Best Comedy Series at the Emmys has been prone to repeats, from “All in the Family” (four wins), to “Frasier” (five wins), to “Modern Family” (five wins). In fact, in the last 10 years, only three shows have won: “30 Rock” (2007-2009), then “Modern Family” (2010-2014), and lastly “Veep” (2015-2016). So will 2017 usher in a brand new winner?
“Veep” has been nominated for the last five years — every year it’s been on the air. It didn’t win the award until its fourth season in 2015 and repeated in the top category last year, so it’s not giving up without a fight. But the fall and winter industry awards season was a mixed bag for the HBO political satire. Julia Louis-Dreyfus won the SAG Award for Best TV Comedy Actress for the second time, but the show lost Best TV Comedy Ensemble to “Orange is the New Black.” That might not be significant, though, since “Orange” competes as a drama at the Emmys. Then there were the Golden Globes, where the show lost Best TV Comedy Series to upstart FX series “Atlanta.”
But that wasn’t all. “Atlanta” also won Producers Guild and Writers Guild Awards for Best Comedy Series. “Veep” did strike back at the Directors Guild Awards, however, taking Best Comedy Directing for the episode “Inauguration.” But at all those awards “Veep” was competing for its fifth season, which aired in 2016. The sixth season that just finished airing this June 25 is what TV academy members are considering, and this is its first test on the awards scene.
Nevertheless, it’s important to look at earlier industry kudos since they’re given out by industry professionals just like the Emmys are.
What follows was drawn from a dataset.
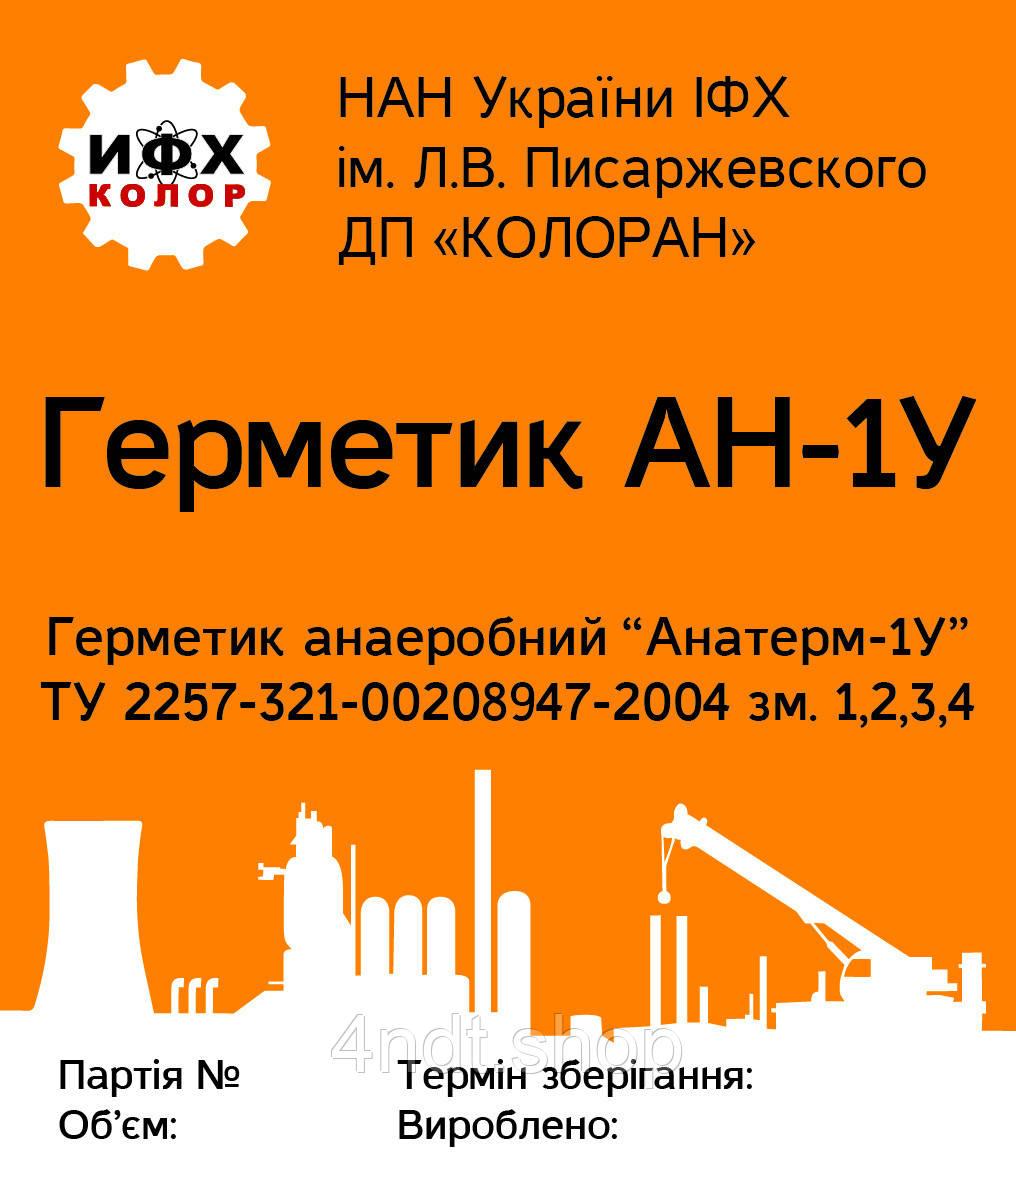 Герметик Анатерм-1У, Ан-1у

But it’s hard to know for sure how well those precursor awards will forecast the Emmys because of a new shift in voting that took effect in 2017. In the nominations phase, the entire membership of 21,000 were encouraged to vote for as many achievements as they feel are worthy, meaning they could have picked anywhere from one comedy to every single eligible contender on the ballot.
Once nominees are announced there’s also a relatively new system for picking the winners. Starting in 2016, TV academy members no longer rank the choices in order of preference. Now they must pick only one winner. Where a preferential ballot gives the advantage to a consensus choice, the new plurality vote might benefit a show with a more passionate following. That said, “Veep” has won once on a preferential ballot (2015) and once under a plurality vote (2016), so it could win no matter what.